# Rear Hub width on a Merckx?



## bing181 (Oct 17, 2005)

Hi all

I have a Corsa 01. Great bike.

I also have a Fondriest carbon. Equally great bike (though very different). However .. the Merckx is quite a bit wider at the rear dropouts. The Fondriest seems about 130mm, the Merckx??

So .. I'm having trouble getting the wheels that run on the Fondriest to work on the Merckx. They just pull out/forward every time i give a decent push. I'm guessing that I'll need some spacers on any wheels I run on the Merckx compared to the Fondriest, and that in reality, I'm not going to be able to just swap wheels?

All suggestions/advice appreciated.

B


----------



## barry1021 (Nov 27, 2005)

I believe the the Corsa should be 130mm also. Do you have a problem with a bent frame?? Might want to take it to a shop for inspection. Are you sure the Fondriest is 130MM? How many gears are you running on the Fondriest? That's odd to me, but I defer to more knowlwdgeable members.

b21


----------



## zmudshark (Jan 28, 2007)

My guess is that the quick releases have different faces, less 'grab' on the Fondriest wheel set. Does the Fondriest have vertical dropouts and the Merckx horizontal?

You may be able to correct it by using the QR from the Merck on the Fondriest wheel.

Disclaimer: I'm not a mechanic, or expert of any kind. I don't even own a bike that doesn't have downtube shifters.


----------



## happy fun ball (Aug 11, 2005)

I had an interesting related problem. I have a 1999 EX, 3/2. ti frame with 6/4 dropouts. I've run Campy Protons on it with no trouble for years, but yada yada yada Protons retired due to a crash, bought a set of Neuvations. 

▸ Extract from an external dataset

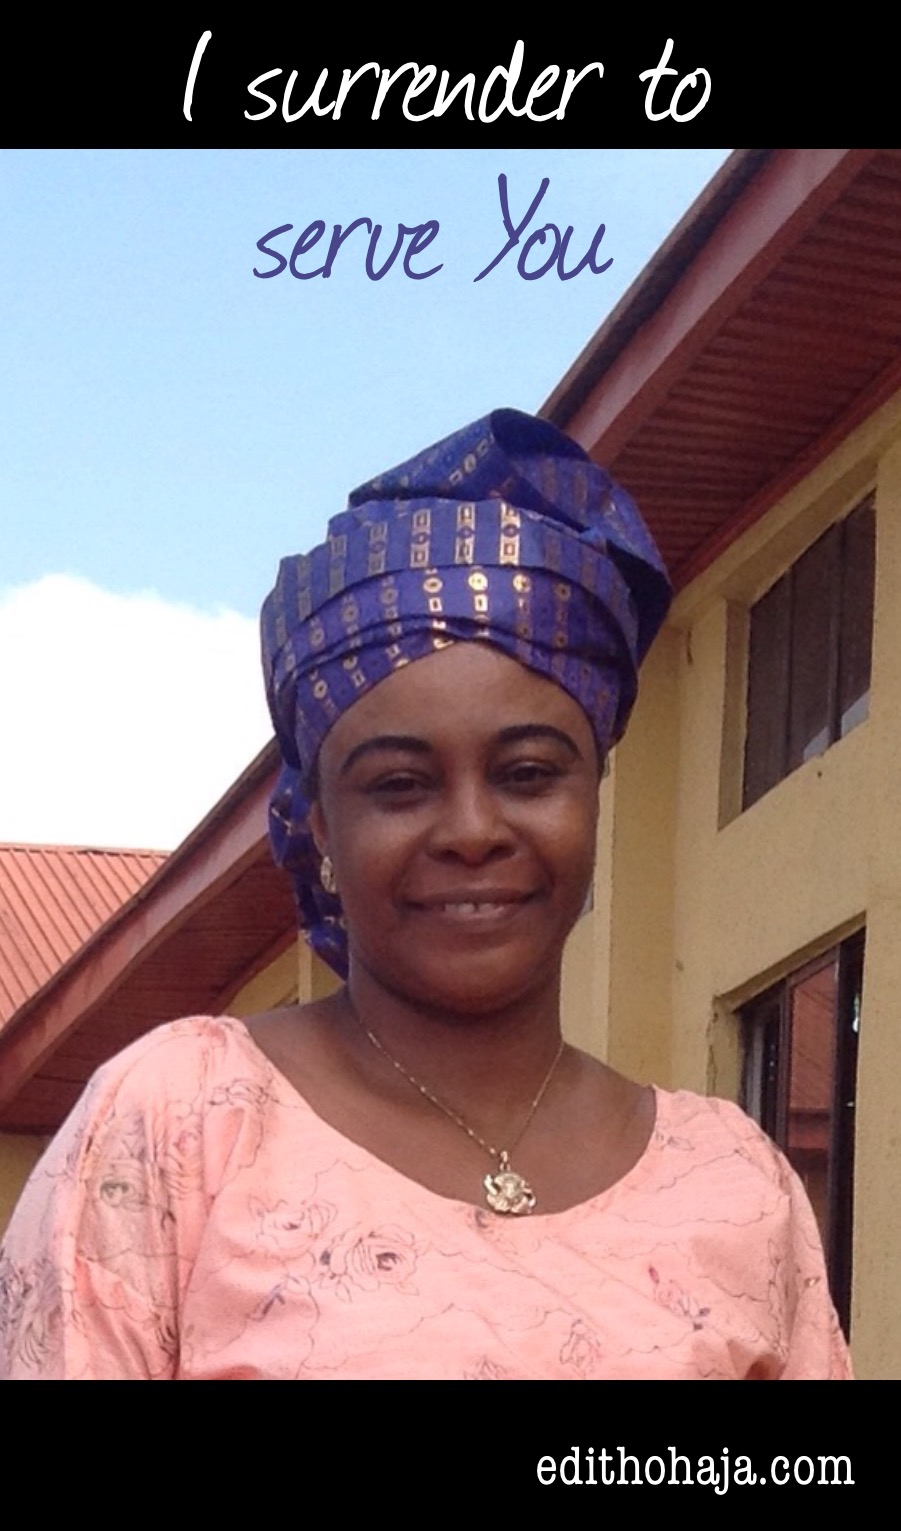 A BIRTHDAY PRAYER: I SURRENDER TO SERVE YOU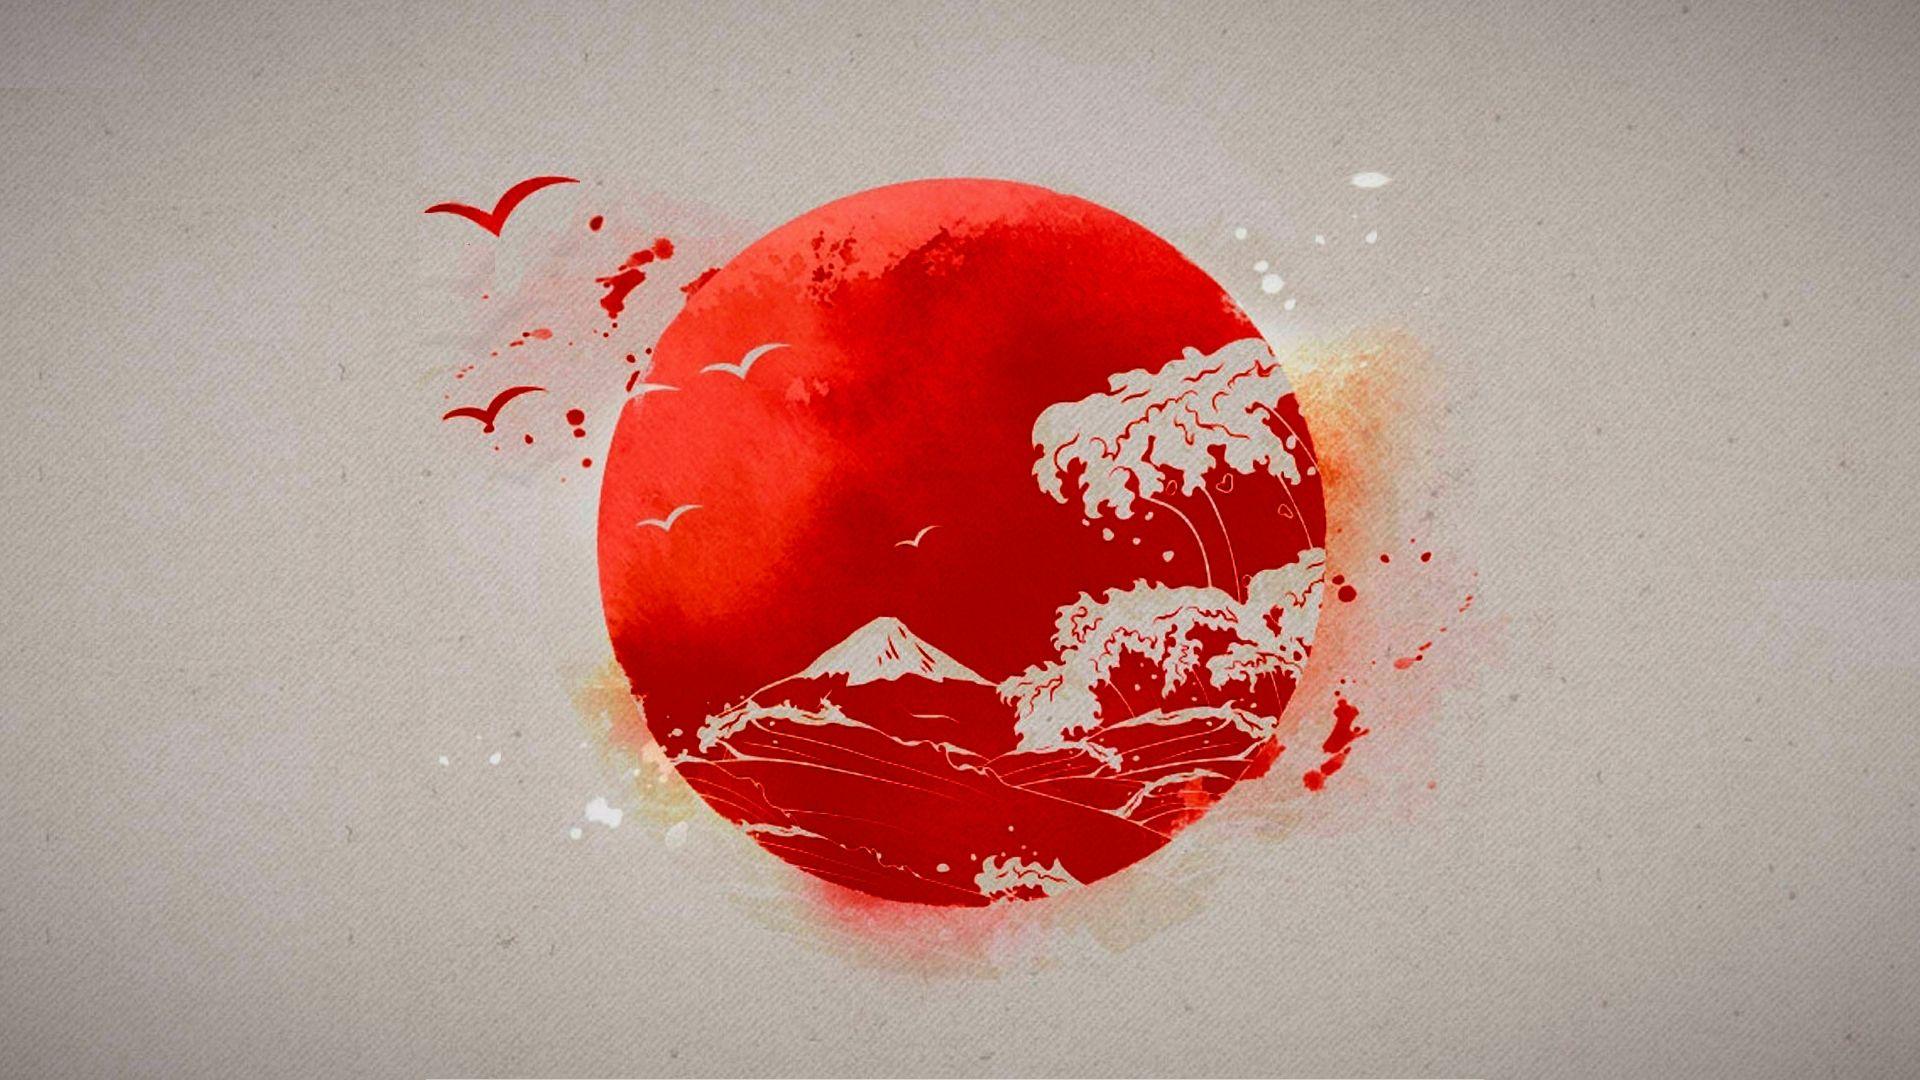 japan flags wallpaper 1920x1080 - photo #1

Same problem as you, pulling out on the drive side under any sort of effort. I thought the Neuvations were too narrow for my EX. Did the measurements, the frame is 129.4 inside width, the Neuvation rear is right at 128 even. Put in a 1.5mm spacer (inside the end cap), no improvement. Took the Campy skewers and used them, problem solved. I guess the Neuvation skewers, which look just like salsas, were just not strong enough to bite into the 6/4. Weird.


----------